Amadou and Mariam are the musical darlings of the country. A married couple who
met in their youth as students at Bamako's Institute for the Young Blind, their music is a
blend of modern pop, activist rock, and praise singing. They have recorded and performed
worldwide with top international producers and artists.

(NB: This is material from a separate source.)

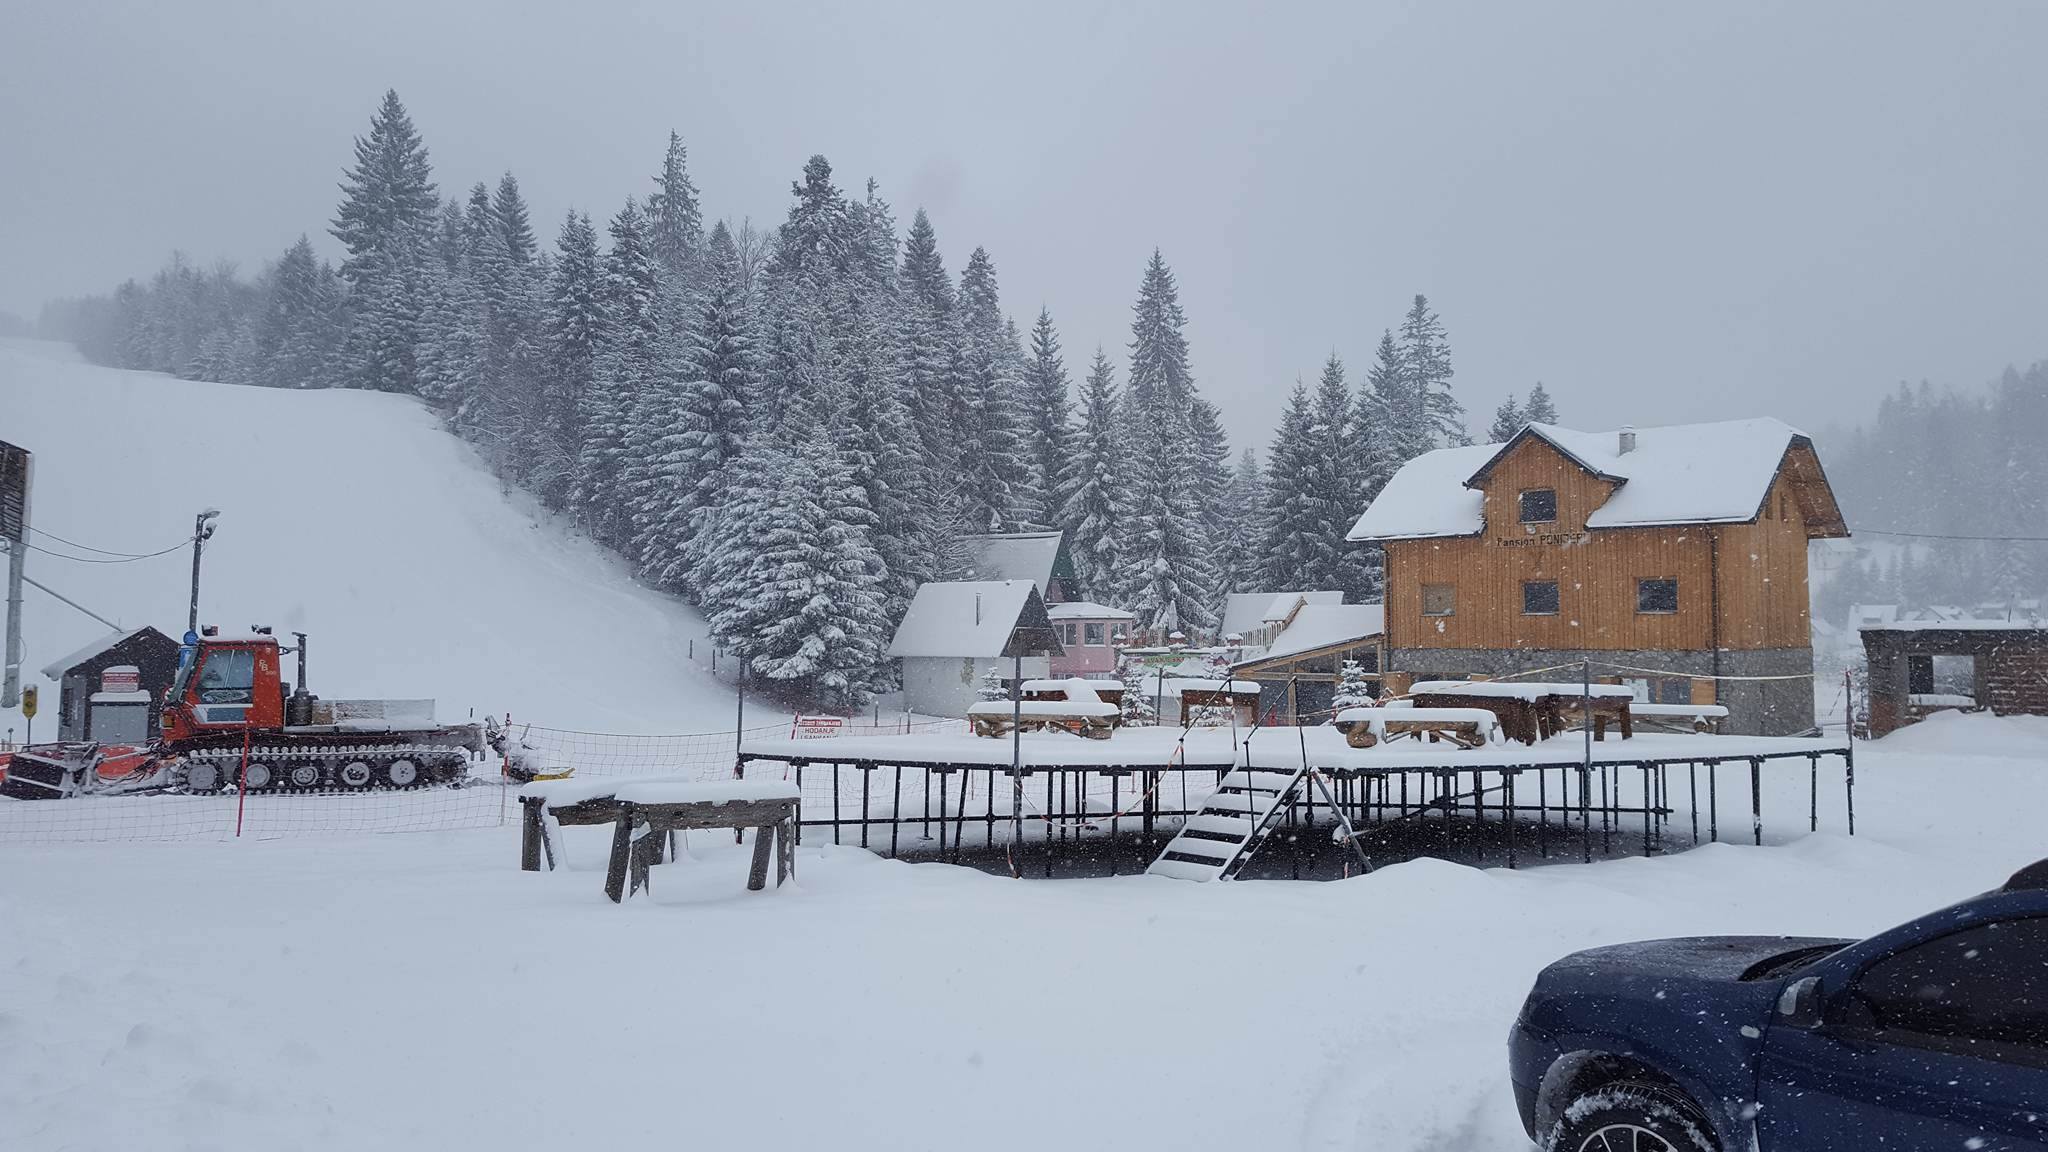 Nastavlja se sezona skijanja na Ponijerima – Ski lift u funkciji od sutra

Kora master Toumani Diabate is a polio survivor, which has left him with limited
functionality of his legs. This is a rarely recognized trait of the world-renown musician, but
impressed upon audiences when he takes and leaves the stage on crutches at each
performance. At nearly every departure, he also takes the opportunity to urge audience
members and the press to stand against stigma and discrimination.
Timeless Essence
Amidst the major changes that both Hindustani and Mande music have seen over
the centuries, both have preserved their essential features and collective memories. Myths
evolve and practices adapt, but the hearts and minds of musicians always find their way
back to the same stories that have been told for millennia-- in praise singing, in
instrumentation, in performance. It is there, in that timeless essence that the traditions'
survival is ensured.
References
Conrad, David. "Oral Tradition & Perceptions of History from the Manding Peoples of West
Africa." Themes in West Africa's History. By Emmanuel K. Akyeampong. Athens: Ohio
UP, 2006. 73. Print.
Moorthy, Vijaya. Romance of the Raga. New Delhi: Abhinav Publications, 2001. Print.
Nayar, Sobhana. Bhatkhande's Contribution to Music. Mumbai: Popular Prakashan, 1989.
Print.
Shankar, Ravi. My Music, My Life. New York: Simon and Schuster, 1968. Print.
Toumani Diabate's Symmetric Orchestra (2007). In Boulevard De L'Indépendance [CD
Booklet]. New York City: Nonesuch Records.
Veer, Ram Avtar. Theory of Indian Music. New Delhi: Pankaj, 1980. Print.